Cobli
Jul 2024 — Jan 2026
A dashcam product where the algorithm wasn't ours to change
Cobli is a Brazilian fleet telematics company — GPS trackers and dashcams installed in vehicles, with a SaaS platform that turns the raw data into operational intelligence for logistics and transport companies.
I joined as BU leader of the dashcam product and PM of the AI squad, responsible for the features built on top of the dashcam hardware. The dashcam itself ran an embedded computer vision algorithm supplied by the hardware vendor — detecting risky driving events like unsafe following distance, drowsiness, and driver distraction. We had no ability to modify the underlying firmware. The algorithm was a black box we depended on.
The alerts were generating noise, not trust
The false positive rate on the embedded algorithm was high enough that customers had stopped trusting the detections entirely. Operations teams were receiving hundreds of alerts per day. Safety managers were manually reviewing every flagged video to decide whether an event was real. Some accounts were marking the majority of alerts as irrelevant.
The product's core value proposition — AI-powered safety monitoring — had effectively become a manual review queue. The more alerts the algorithm produced, the more human time it consumed, and the less value it delivered.
And we couldn't fix the source. Every path that involved modifying the embedded algorithm required going through the hardware vendor — a timeline of months per iteration.
Starting with measurement, not a solution
The first thing I did was establish baseline precision through manual video labeling — building a dataset of real events and false positives that let us actually quantify what we were dealing with. Without that, every conversation about the problem was impressionistic.
I then built a prioritization framework combining three factors for each event type: precision baseline (how bad was the false positive rate?), engineering feasibility (what approaches were available to improve it?), and customer-reported importance (what did interview data and event review rates tell us about which detections customers cared most about?).
The unsafe distance model came out first on all three dimensions — the lowest precision, the highest complaint rate in customer interviews, and technically approachable through depth-inferring models available in the cloud. We started there.
The squad ran experiments with multiple approaches and iterated through model versions. The labeled dataset we'd built for baseline measurement became the training and evaluation set for everything that followed.
A cloud validator between the firmware and the customer
The architecture we arrived at: a cloud-side validation layer that sits between the embedded algorithm and the customer-facing interface. Events flagged by the dashcam firmware are sent to the cloud validator before they're surfaced to customers. The cloud model re-evaluates each event and filters out the ones it classifies as false positives.
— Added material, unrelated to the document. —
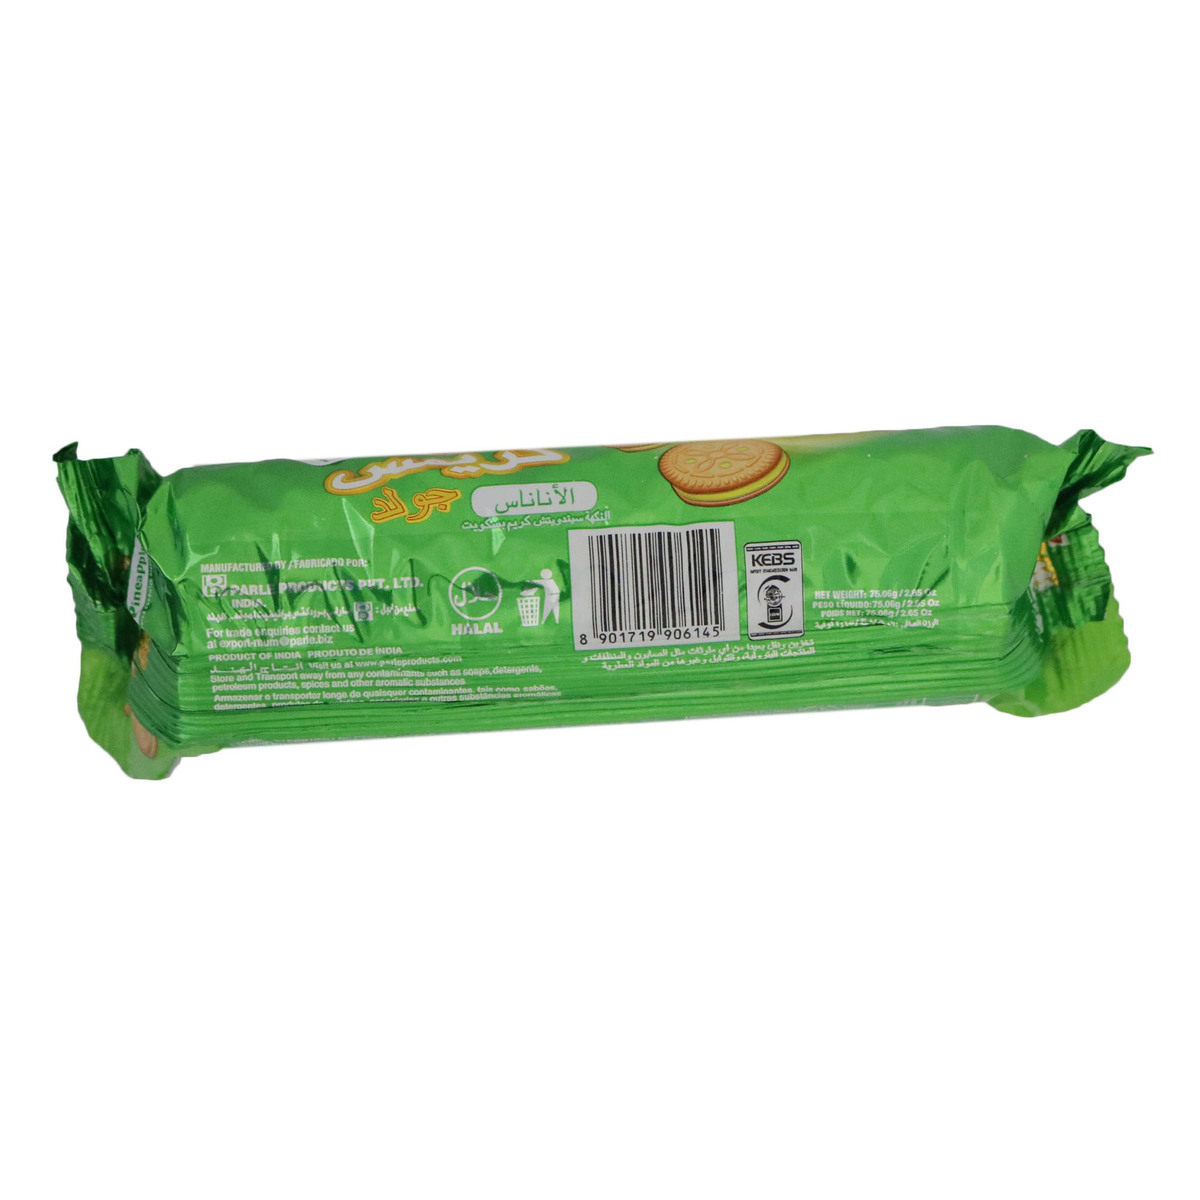 Parle Gold Pineapple Cream Biscuits 50g

The cloud validator reached 95% precision and 75% recall on the unsafe distance model — meaning it was both accurate in what it passed through and catching the majority of false positives the firmware was generating.
A side effect we planned for from the start: the labeling process generated a structured dataset of real driving events that didn't exist before. That dataset is the foundation for training future firmware-embedded models — the path to eventually owning what we were dependent on, rather than filtering around it indefinitely.
The numbers that followed
~70% reduction in false positives surfaced to customers on the validated event types
Customer review behavior shifted — accounts that had been ignoring alerts resumed active safety management
Labeled dataset established as the foundation for the firmware model roadmap — the long-term dependency reduction path
The UX changes to show customers only cloud-validated events were in rollout at the time I left. The labeled dataset is actively used by the ML team for future model development.
What I specifically did
- Initiated and ran the video labeling exercise to establish baseline precision — the measurement that made every subsequent decision concrete
- Built the event-type prioritization framework and gathered input from Key Account CSMs to inform the prioritization decision
- Defined the cloud validator architecture as the strategic response to the firmware dependency — the choice to build on top rather than waiting for vendor iteration
- Worked as PM of the squad through the model iterations that reached high precision and recall
Other significant work in this role
- Facial recognition precision improvement — Improved driver identification precision from ~80% to 98% in production. Root cause was poor image quality, identified through iterative dataset labeling and testing across different facial recognition models. Solution was to detect and filter low-quality images before inference. A churning enterprise account stabilized after rollout.
- UX-retention correlation analysis — Self-initiated cross-squad project: ran a 12-month cohort analysis correlating product feature usage combinations with net revenue retention. Found meaningful correlations, proposed a "breadth of usage" metric adopted company-wide. UX teams gained roadmap space in the following planning cycle.